The Analysis of Controlled Deformation in Rocks and Soils, translated from Italian Analisi delle Deformazioni Controllate nelle Rocce e nei Suoli (ADECO-RS), also known as The New Italian Tunneling Method (NITM), is a modern tunnel design and construction approach. ADECO-RS was proposed by Pietro Lunardi in the 1980s on the basis of long in-depth research into the stress-strain behavior of more than 1,000 km of tunnel and more than 9,000 faces. In the past few decades, ADECO-RS has been widely used in Italian railway, highway and large underground construction projects and has been incorporated into Italian tunnel design and construction specifications.

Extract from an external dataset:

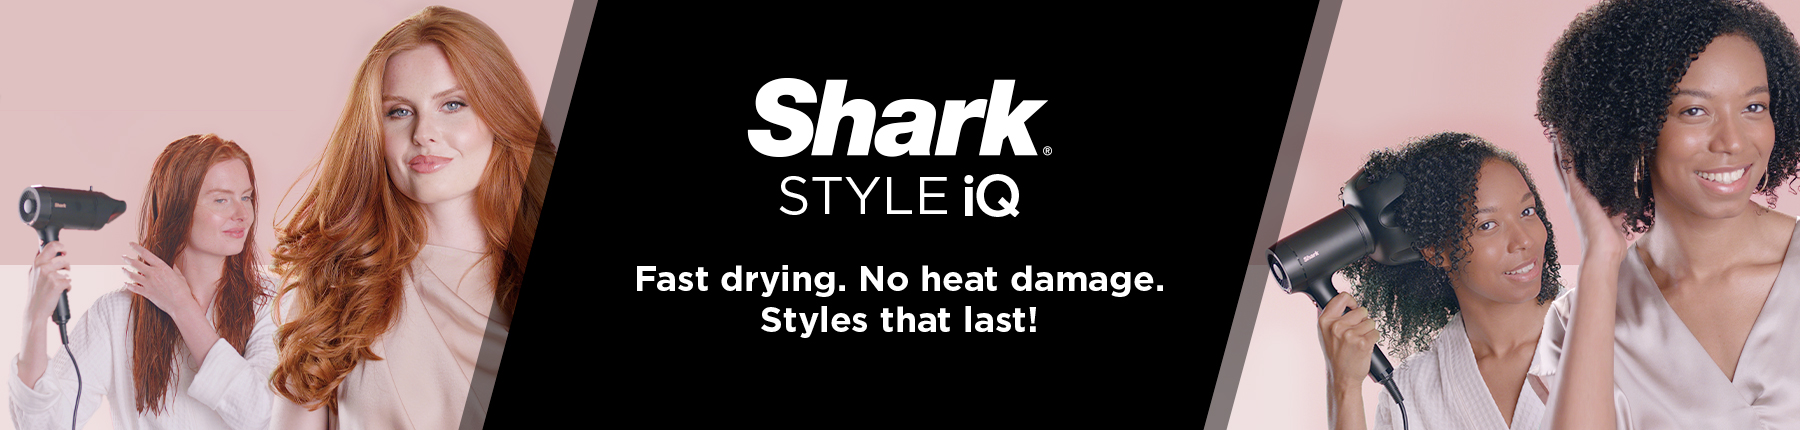 Shark Style iQ Hair Dryer Banner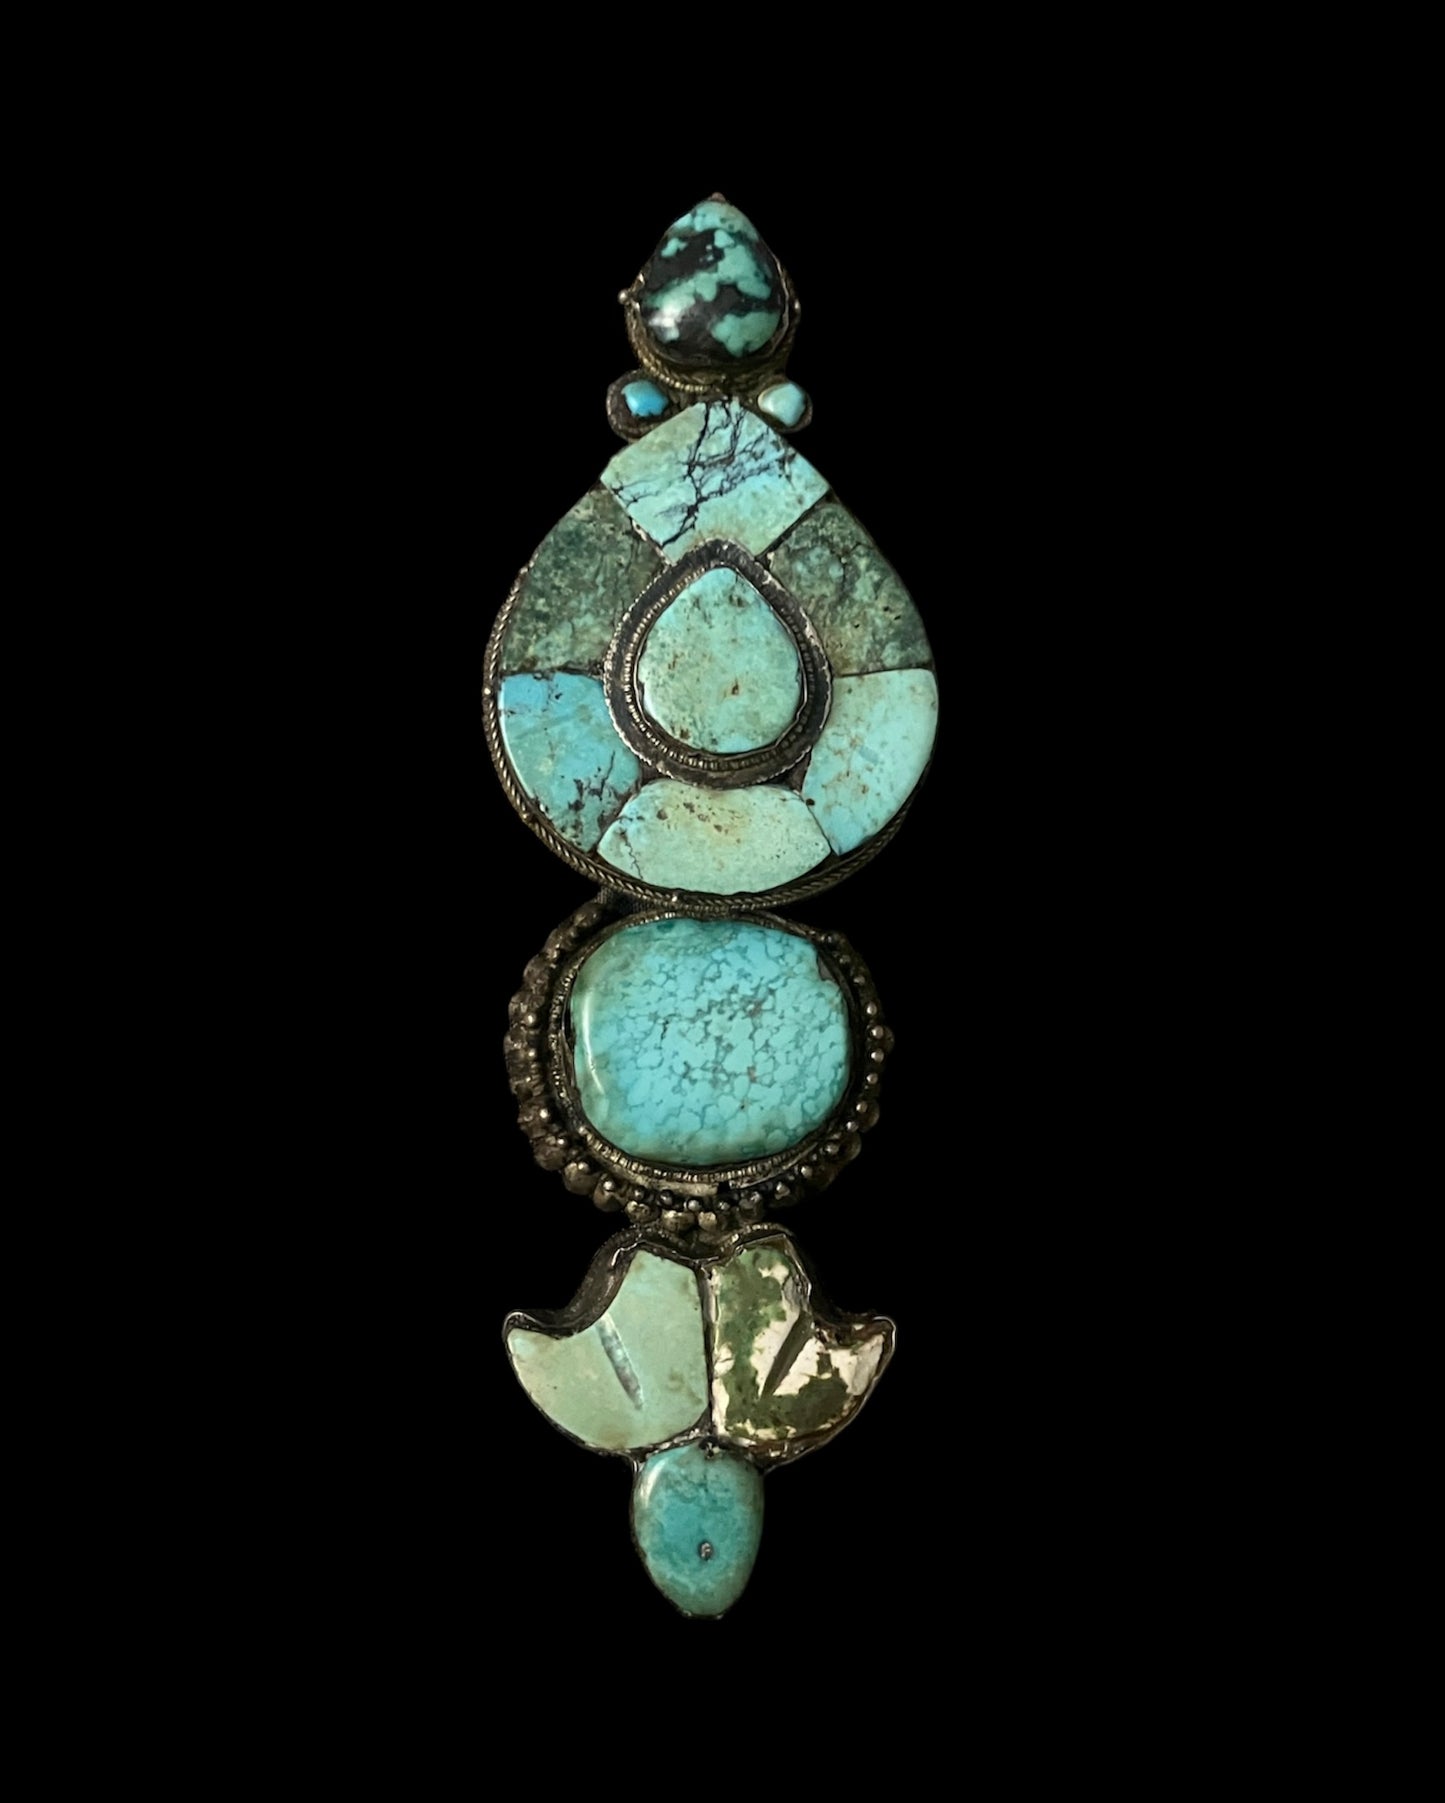 A single antique ear pendant - Tibetan aykhor

ADECO- RS is a systematic and full-face mechanized excavation tunneling technology that can be used under various surrounding rock conditions, especially in shallow buried soft formation. Paying attention to the role of advance core is the core philosophy of ADECO-RS. The strength, stability, and sensibility to the deformation of the core medium before tunnel face (same concept as advance core) are playing a vital role during construction of the tunnel. There is a distinct boundary between the design stage and construction stage in the procedure of ADECO-RS, making the possibility of forecasting of the budget and duration of the construction accurate.

ADECO-RS believes the problem of the excavation of tunnels as a three dimensional problem, with attention focused on the three types of deformation: tunnel face (extrusion, pre-convergence) and cavity (convergence).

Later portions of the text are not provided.